Alterations of Superficial White Matter in Schizophrenia and Relationship to Cognitive Performance.

Kimel Family Translational Imaging-Genetics Laboratory.
Neuropsychopharmacology: official publication of the American College of Neuropsychopharmacology (Impact Factor: 7.83). 04/2013; DOI: 10.1038/npp.2013.93
Source: PubMed

ABSTRACT Post-mortem studies have demonstrated alterations in superficial white matter (SWM) in schizophrenia patients. Diffusion tensor imaging (DTI) can be used to assess SWM in vivo, and compare SWM fractional anisotropy (FA) in schizophrenia patients vs. healthy controls. The assessment of SWM in vivo also provides an opportunity to identify novel neural correlates of cognitive performance, and potential cognitive impairment in schizophrenia. Forty-four patients with schizophrenia and 44 matched healthy controls underwent neuroimaging and cognitive protocols. Using an SWM mask, and Tract-Based Spatial Statistics differences in SWM-FA were examined between groups.

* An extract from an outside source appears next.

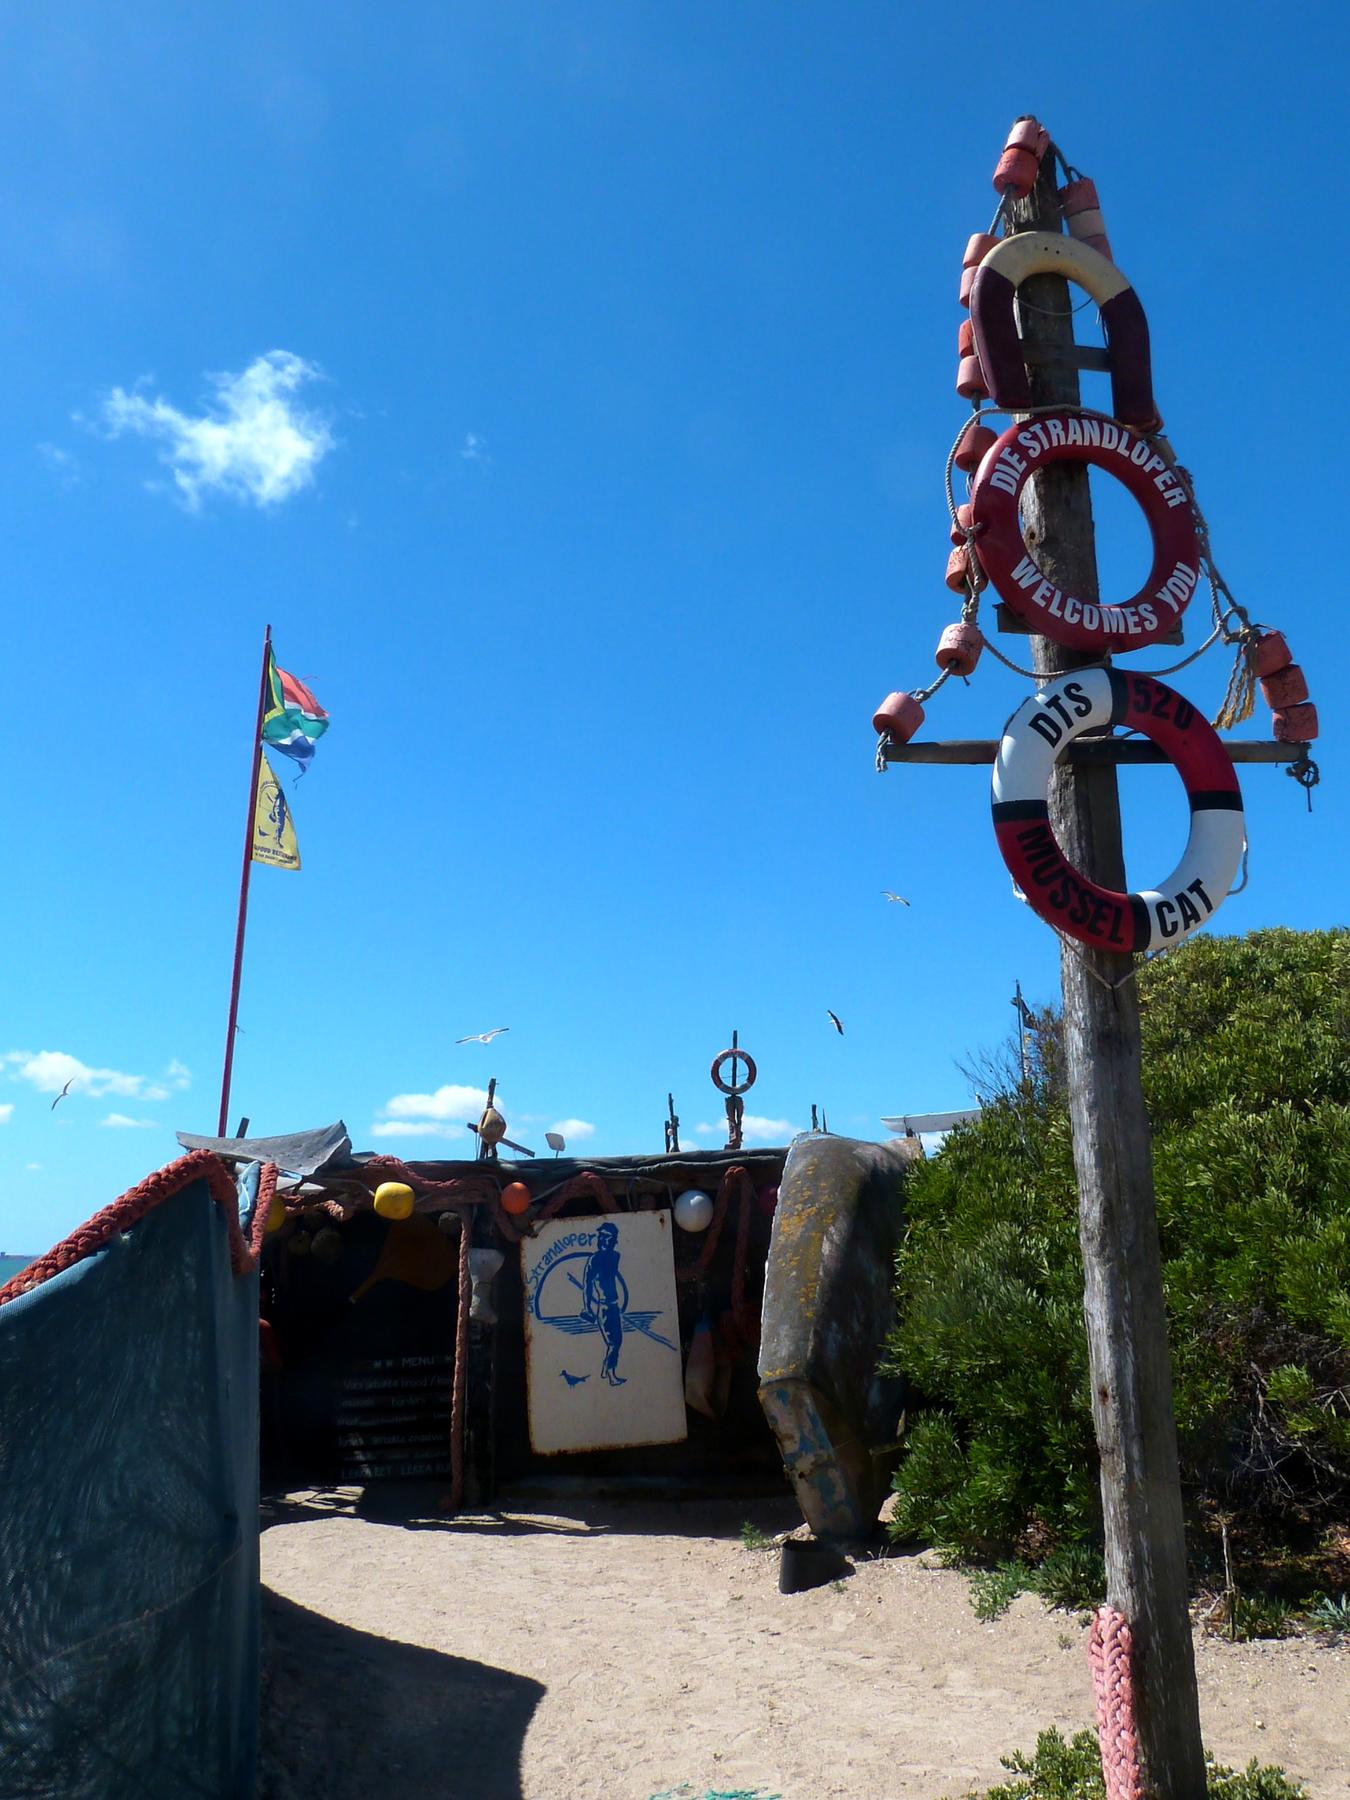 Roteiro-Cidade-do-Cabo-4-a-7-dias-die-strandloper-langbaan-praia Roteiro Cidade do Cabo 4 a 7 dias (Sensacional)!

SWM-FA clusters different between groups were then used to predict cognitive performance with multiple linear regression. The relative contribution of SWM fiber subtypes (deep white matter extensions vs. U-fibers and intraregional fibers) from significantly different clusters was examined. Compared to controls, patients with schizophrenia had reduced FA in five SWM clusters: the largest a left posterior parieto-occipital cluster, followed by four clusters in the left frontal lobe. SWM-FA in frontal lobe clusters predicted attention, working memory, and processing speed performance in healthy controls, but not in patients with schizophrenia. The majority of streamlines tracked from these clusters were restricted to U-fibers and intraregional fibers, rather than deep white matter extensions. Our analyses revealed prominent SWM disruption in patients with schizophrenia compared to controls. SWM-cognition relationships shown in healthy individuals, were disrupted in patients with schizophrenia. SWM may be an important neurobiological substrate of cognitive performance and a novel cortical treatment target for cognitive deficits in schizophrenia.Neuropsychopharmacology accepted article preview online, 16 April 2013; doi:10.1038/npp.2013.93.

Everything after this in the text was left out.